Performance of Three Rockfall Models Tested at Historic Rockfall Sites in Western Norway

Abstract

A persistent problem in rockfall hazard assessments is the use of different definitions and methodologies within rockfall models used for hazard zone mapping. The primary purpose of this thesis is to study the parameter sensitivity in three prevalent rockfall models to quantify the robustness of the models. The applied rockfall models were RAMMS::ROCKFALL, Rockyfor3D, and RocFall. Fieldwork from four rockfall locations in Lærdal and Aurland in Western Norway was conducted to collect realistic input data for analyses. Sensitivity analyses of what were considered the most influential parameters were performed. A particular emphasis was put on modeled runout lengths following the adjustments of individual input parameters. The robustness of the models was validated based on the analyses results. Furthermore, the models were evaluated based on their total performance and whether suitable for hazard mapping of rockfalls.
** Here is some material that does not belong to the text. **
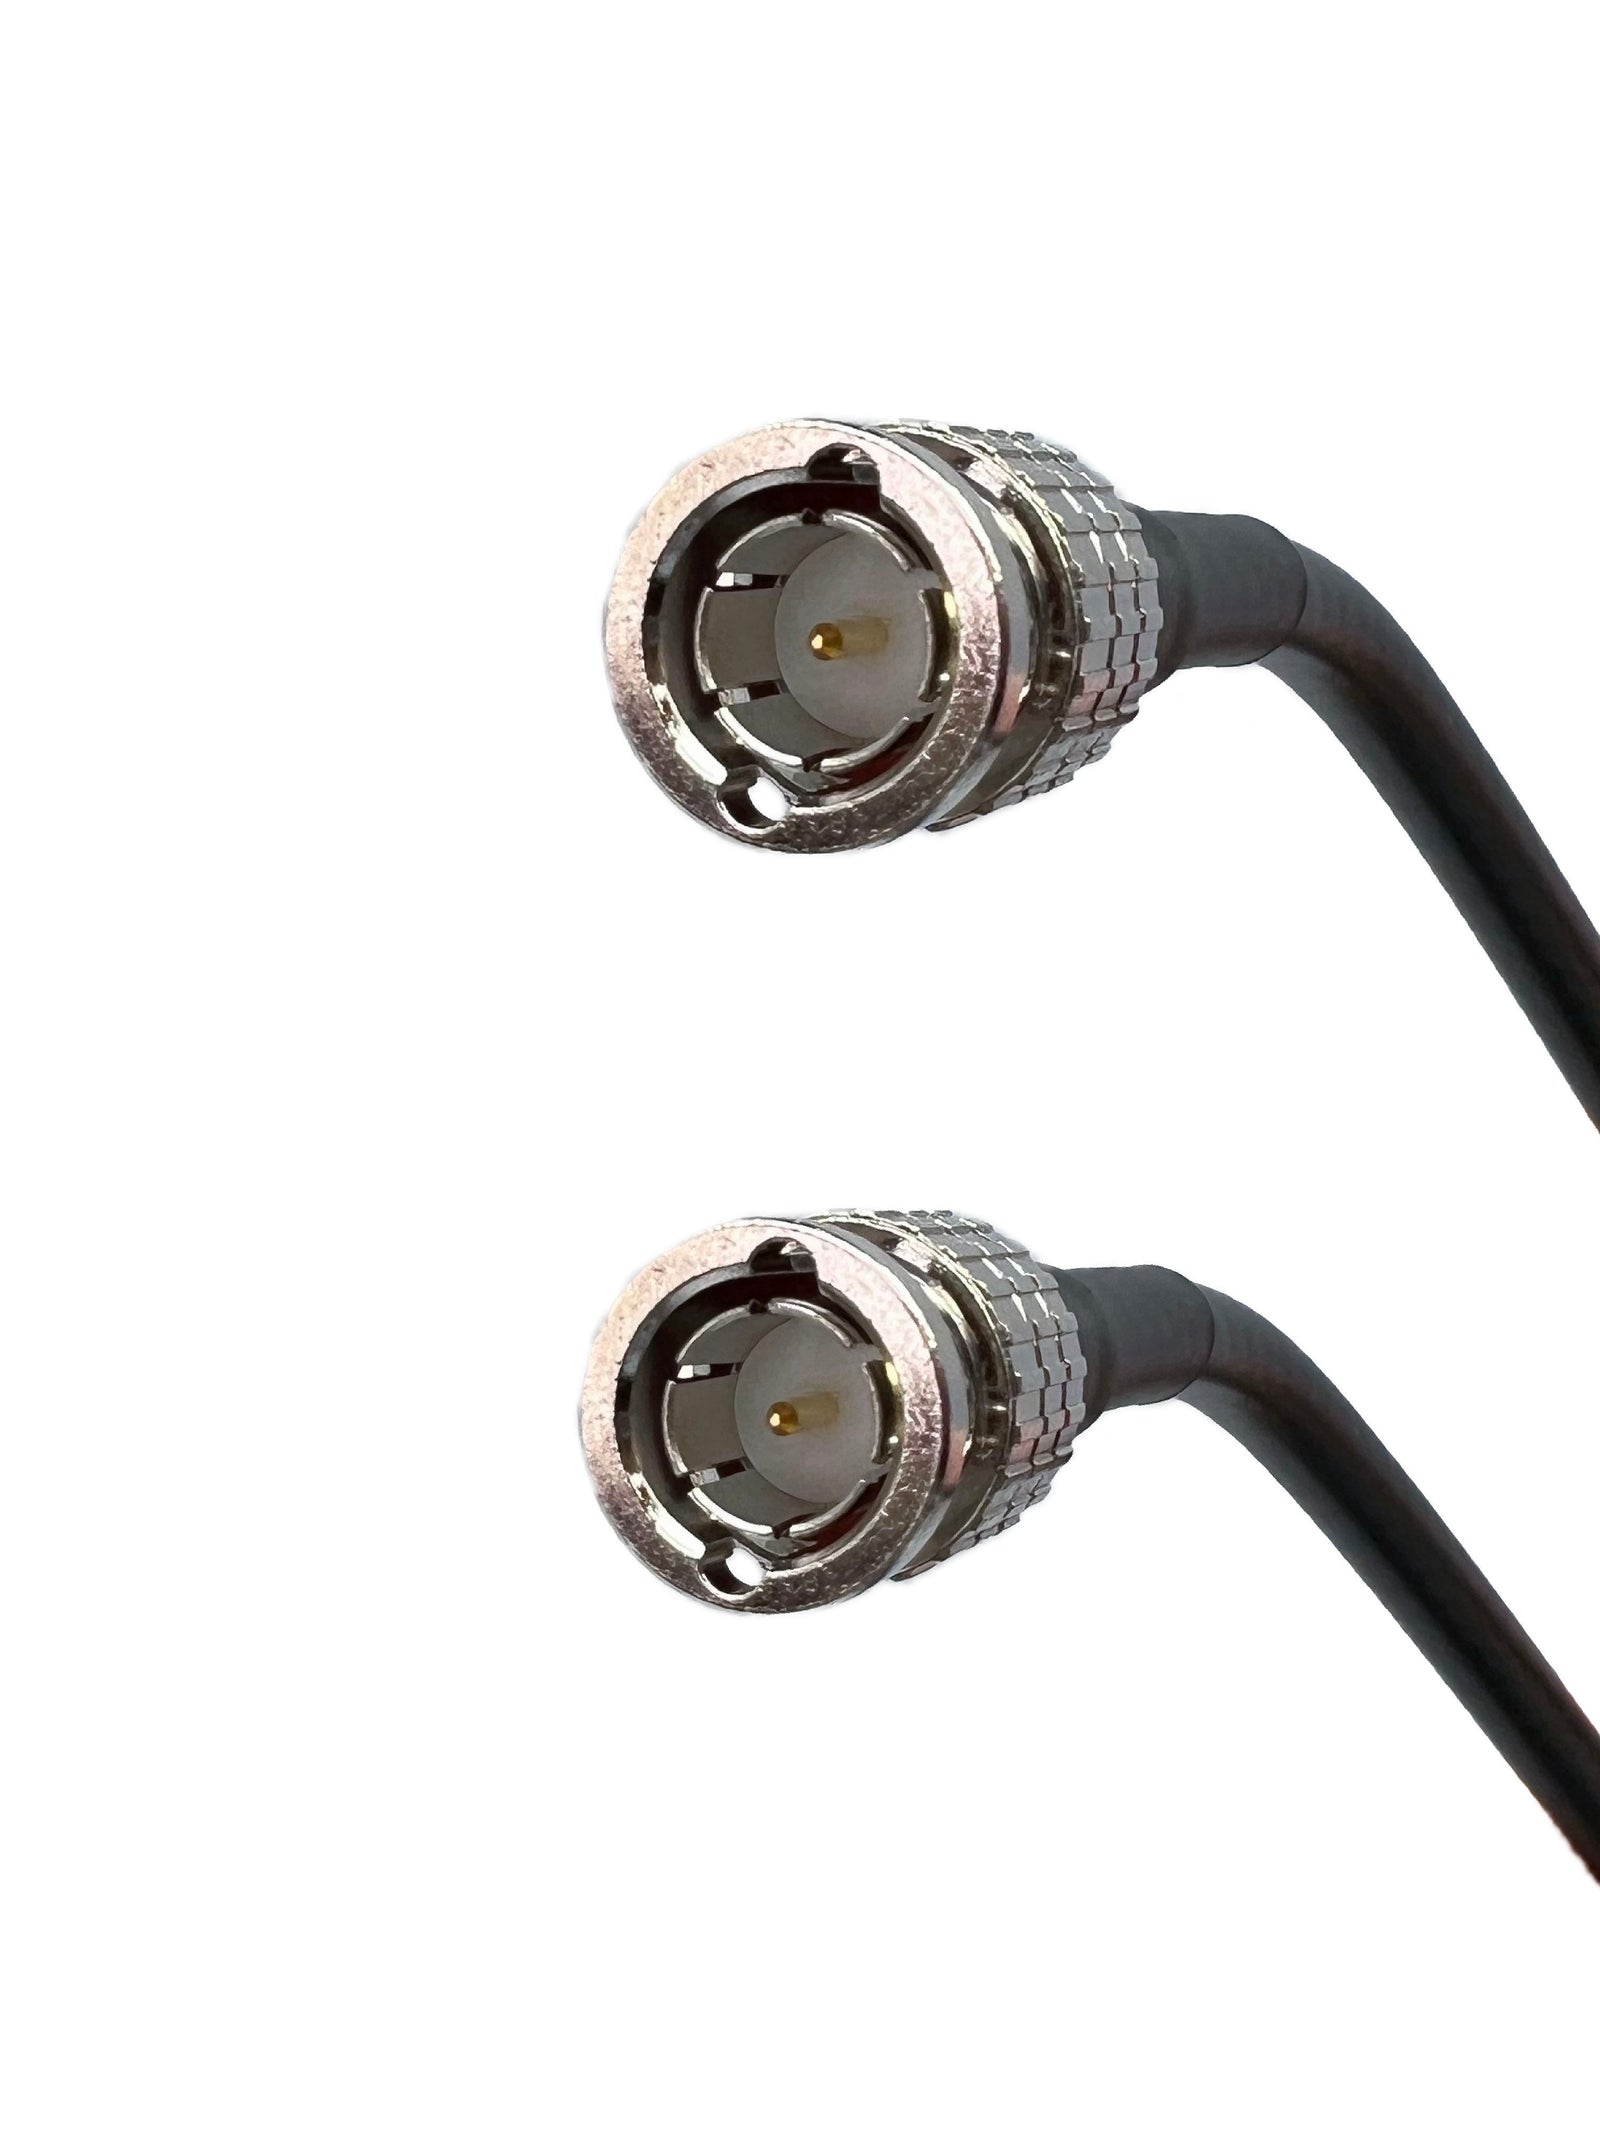 Audio Video Cables Tagged HD-SDI - Custom Cable Connection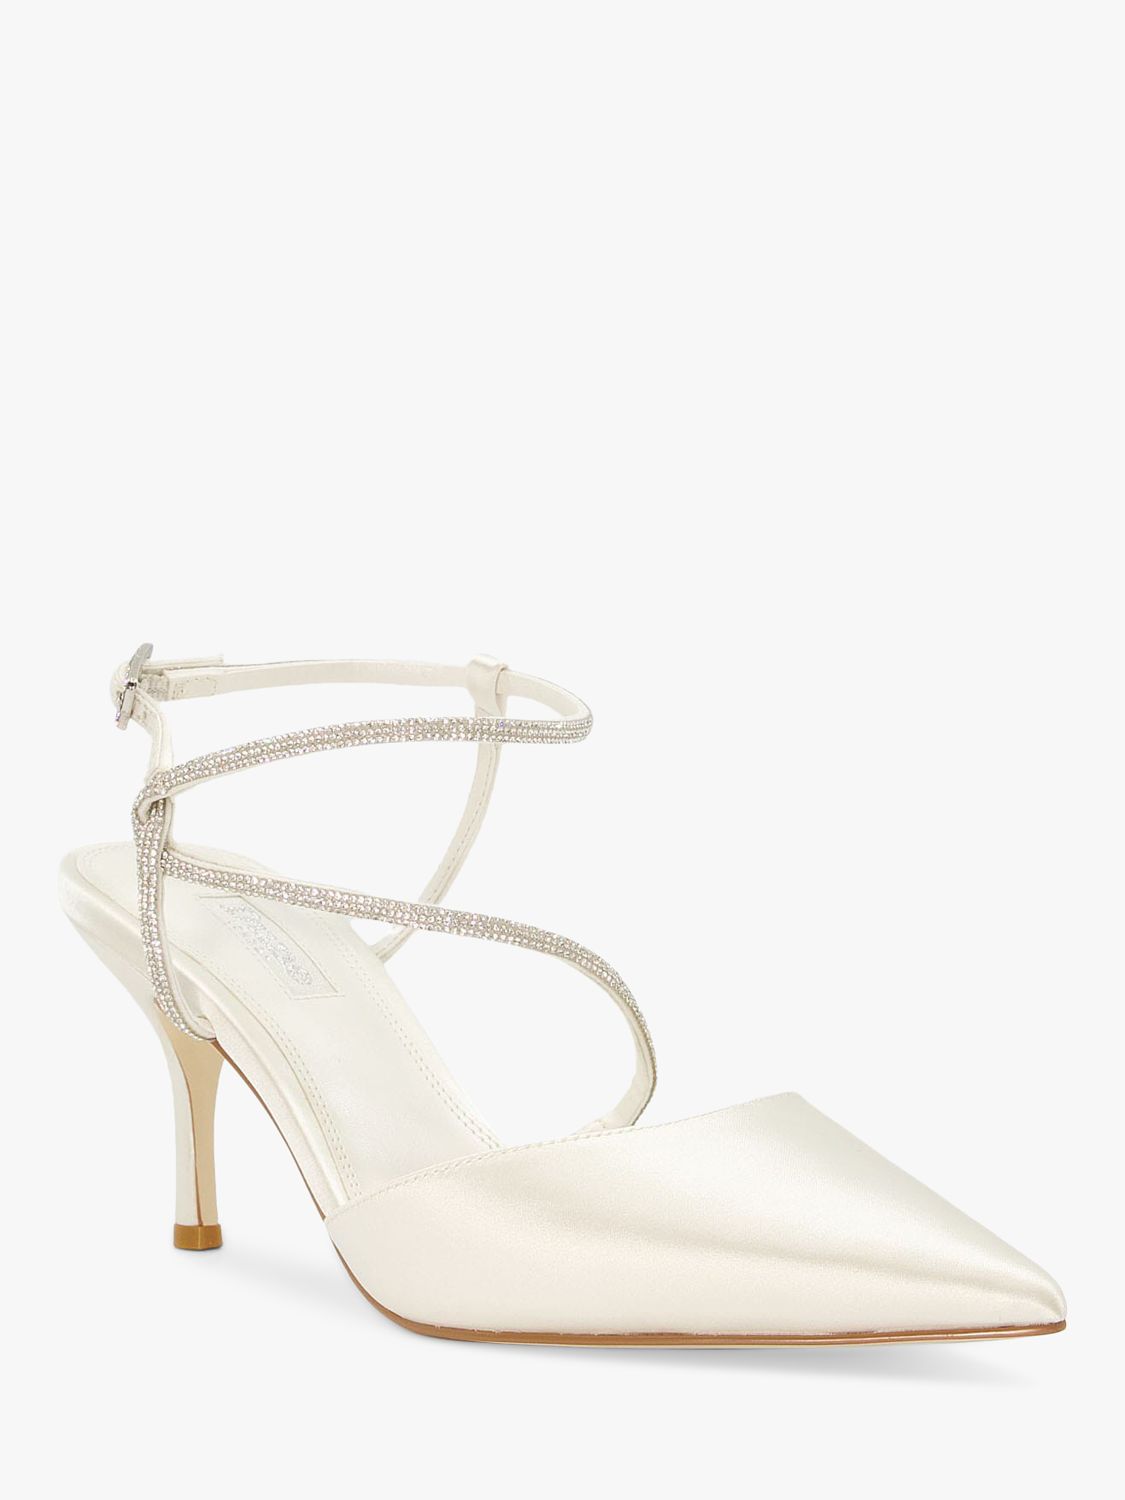 Dune Bridal Collection Clarrise Satin Court Shoes, Ivory

The studied parameters were block- and slope characteristics, the effect of forest, and analyses in different model approaches in the specified models. Studies regarding block volume trended differently within each model as larger block volumes had longer runout lengths in RAMMS::ROCKFALL and Rockyfor3D, while smaller block volumes had longer runouts in RocFall. The investigation of different block shapes related spherical shapes to longer runout lengths compared with more angular shapes. Analyses regarding slope characteristics such as terrain material and spatial resolution are complex as the models are based on different approaches. Findings showed that the parameters defining the terrain were exceptionally sensitive, and the comparison of predefined materials from the available software manuals was not sufficient for realistic model outputs. Applying different spatial resolution to the models were complicated due to the excessive amount of data required. Sensitivity analyses including forest confirmed general assumptions regarding the mitigation effect of forests. The work has shown that applying different model approaches were valuable as different aspects were considered by assessing separate applications. Based on findings in this study, Rockyfor3D was determined to offer the best total performance of the three models regarding hazard zone mapping on Norwegian conditions.